SaveState
pip install savestate
Documentation: https://mrthearman.github.io/savestate/
Source Code: https://github.com/MrThearMan/savestate/
Contributing: https://github.com/MrThearMan/savestate/blob/main/CONTRIBUTING.md
SaveState is a cross-platform fast file storage for arbitrary python objects. It's similar to python's builtin shelve module, but aims to be more performant on Windows while being cross-platform compatible.
Savestate is inspired by semidbm2, with a more modern interface. mapping-like functions, a context manager, and support for arbitrary python objects.
Implementation details
- Pure python
- No requirements or dependencies
- A dict-like interface (no unions)
- Same, single file on Windows and Linux (unlike shelve)
- Key and value integrity can be evaluated with a checksum, which will detect data corruption on key access.
- Recovery from missing bytes at the end of the file, or small amounts of corrupted data in the middle
- Both values AND keys put in savestate must support pickling. Note the security implications of this!
- This means that you can use arbitrary objects as keys if they support pickle (unlike shelve)
- All the keys of the savestate are kept in memory, which limits the savestate size (not a problem for most applications)
- NOT Thread safe, so cannot be accessed by multiple processes
- File is append-only, so the more non-read operations you do, the more the file size is going to balloon
- However, you can compact the savestate, usually on savestate.close(), which will replace the savestate with a new file with only the current non-deleted data. This will impact performance a little, but not by much
Performance
- About 50-60% of the performance of shelve with gdbm (linux), but >5000% compared to shelve with dumbdbm (windows) (>20000% for deletes!)

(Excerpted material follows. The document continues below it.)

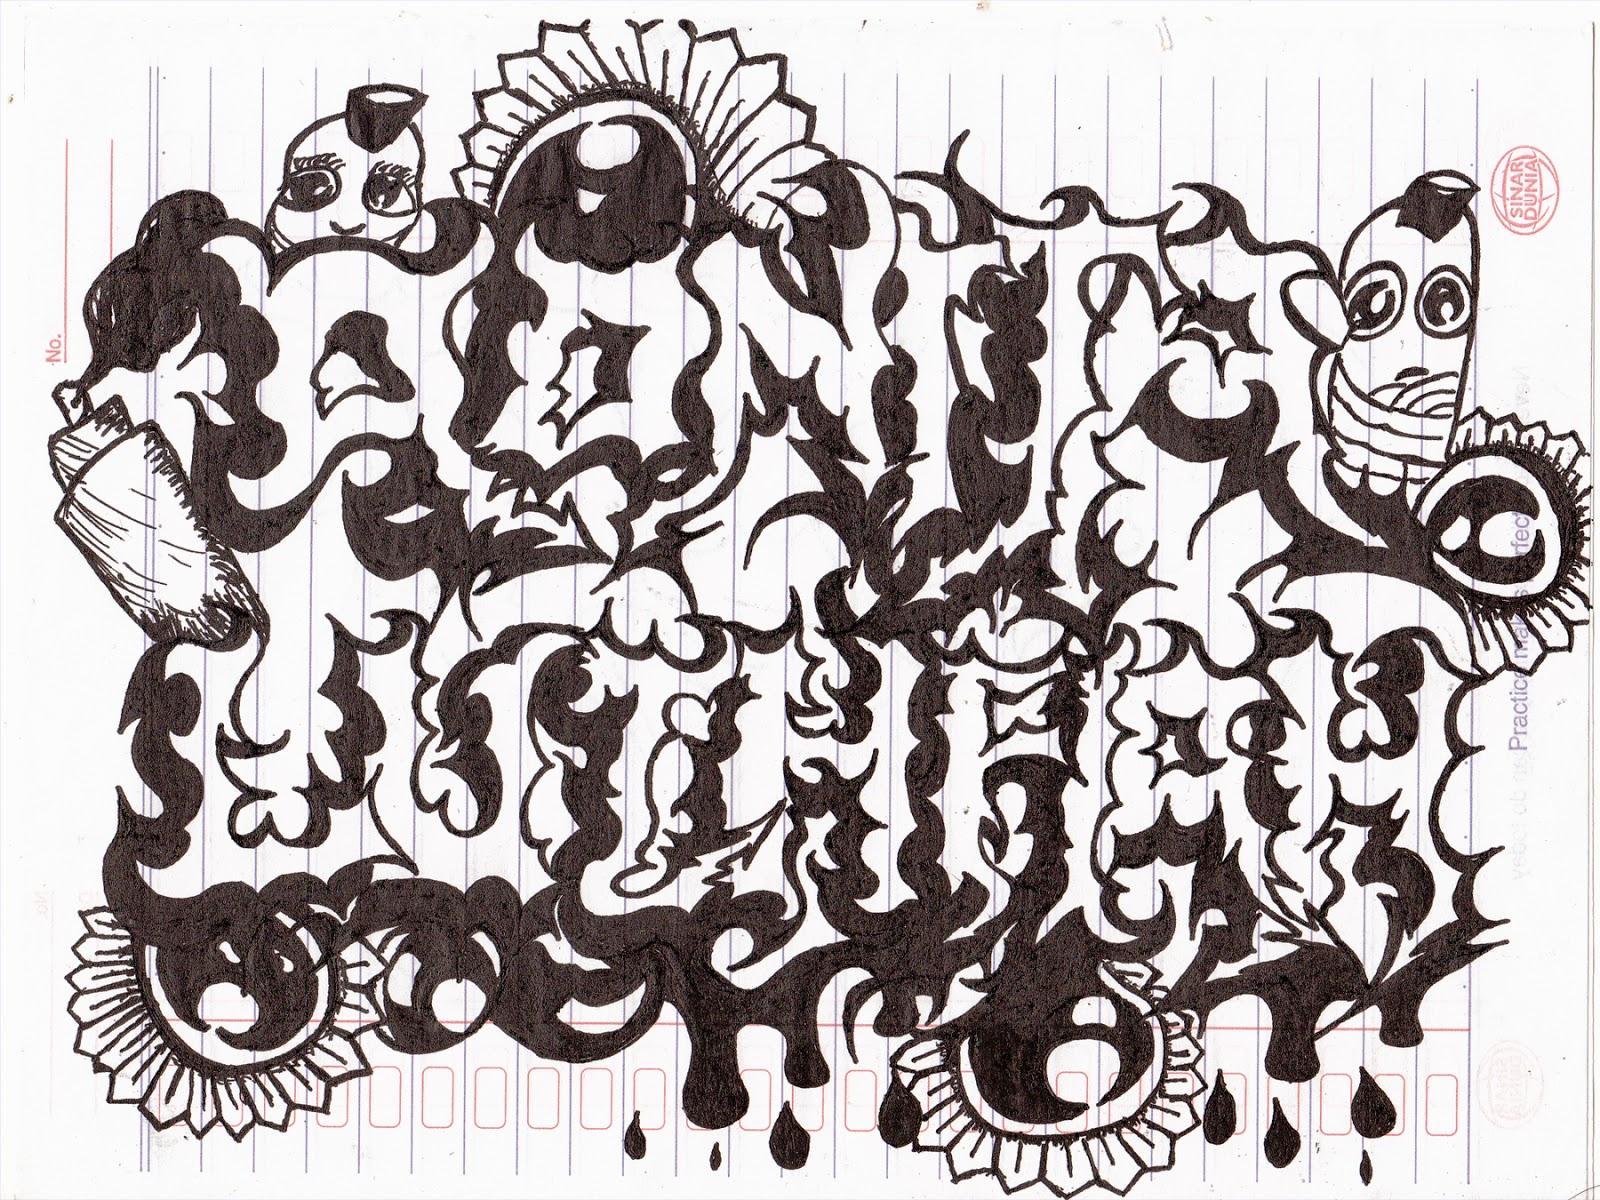 Gambar Gambar Grafiti Doodle  Sobgrafiti
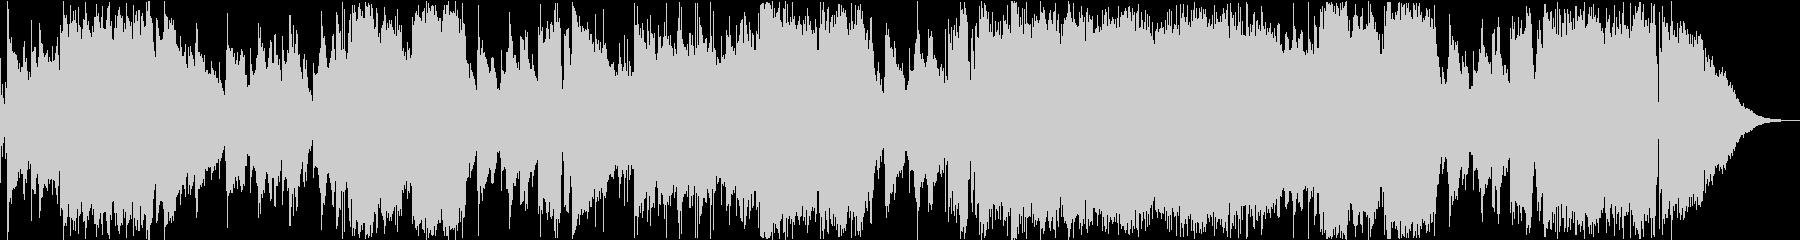 架空のアニメ「マスター・アルコ」EDの未再生の波形

- Performance is more favorable with large keys and values when compared to gdbm, but gdbm is still faster on subsequent reads/writes thanks to its caching
- A dbm-mode for about double the speed of regular mode, but only string-type keys and values
- This is about 25-30% of the performance of gdbm on its own.
- Note: Values will be returned in bytes form!
Source code includes a benchmark that you can run to get more accurate performance on your specific machine.